Classifier subset starts with one classifier with the highest accuracy. Then, classifiers in the ranked classifier list are added one by one from higher to lower rank into the classifier subset. A new classifier subset is generated when a new classifier is added. We evaluate prediction performance of each classifier subset. From Table 2 and Fig 4, as the number of classifiers increases, accuracy shows an upward trend in the initial phase. Afterwards, accuracy shows a downward trend with the increase of number of classifiers. The best accuracy reaches 0.925 when 4 classifiers are selected, including RF, SMO, NNA, and J48. These 4 classifiers are used to construct the optimal ensemble classifier for predicting antioxidant proteins. The default parameters of these four base classification algorithms in WEKA are used in this paper. This ensemble classifier also achieves the best sensitivity of 0.94, specificity of 0.91, and MCC of 0.850. These results indicate that the ensemble classifier is effective in predicting antioxidant proteins. We should also note that the combination of more base classifiers don’t always achieve better performance due to the fact that these base classifiers may share similar learning strategies more or less.

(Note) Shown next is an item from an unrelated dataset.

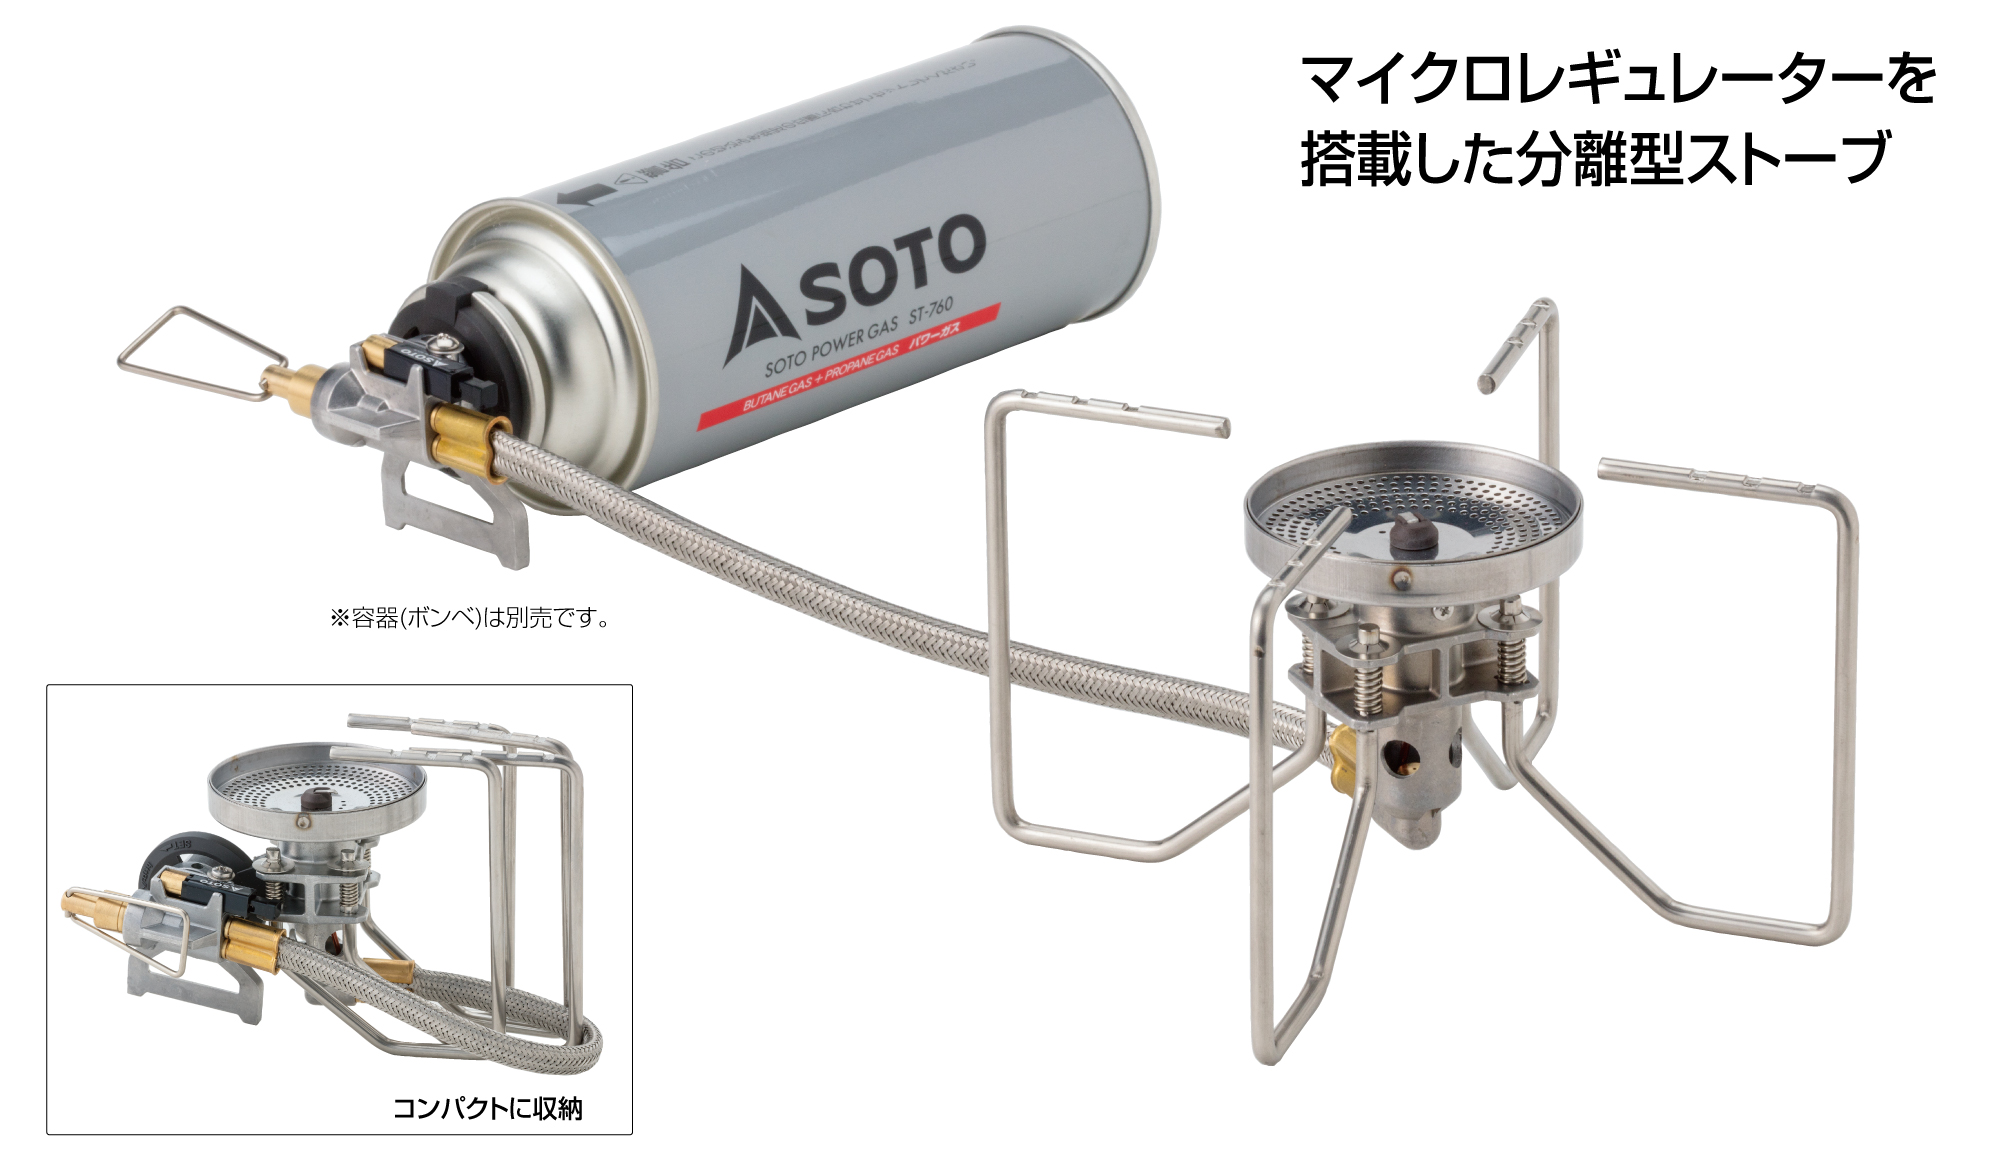 SOTOレギュレーターストーブST-310レビュー | 類似製品との比較および風防対策など

3.3 Performance Comparisons of Ensemble Learning Method and Individual Base Classifiers

To verify the strength of the proposed ensemble method, prediction results of our ensemble method and its component base classifiers, including RF, SMO, NNA, and J48, are compared. From Tables 1 and 2, although NNA obtains an identical sensitivity of 0.94 as the ensemble classifier, it yields the lowest specificity of 0.79. The ensemble classifier achieves much better prediction performance than these 4 base classifiers, indicating that a well-established ensemble classifier can deal with protein function prediction better than its component base classifiers. Except an ensemble classifier composed of 2 classifiers and another one composed of 10 classifiers, the accuracy values of the other 8 ensemble classifiers are all better than those of the corresponding component base classifiers. These results are in accordance with the statement in Subsection ‘Ensemble Learning Method’ that a well-defined ensemble classifier with diversity base classifiers and the reasonable accuracy can address classification issues better than its component individual classifiers.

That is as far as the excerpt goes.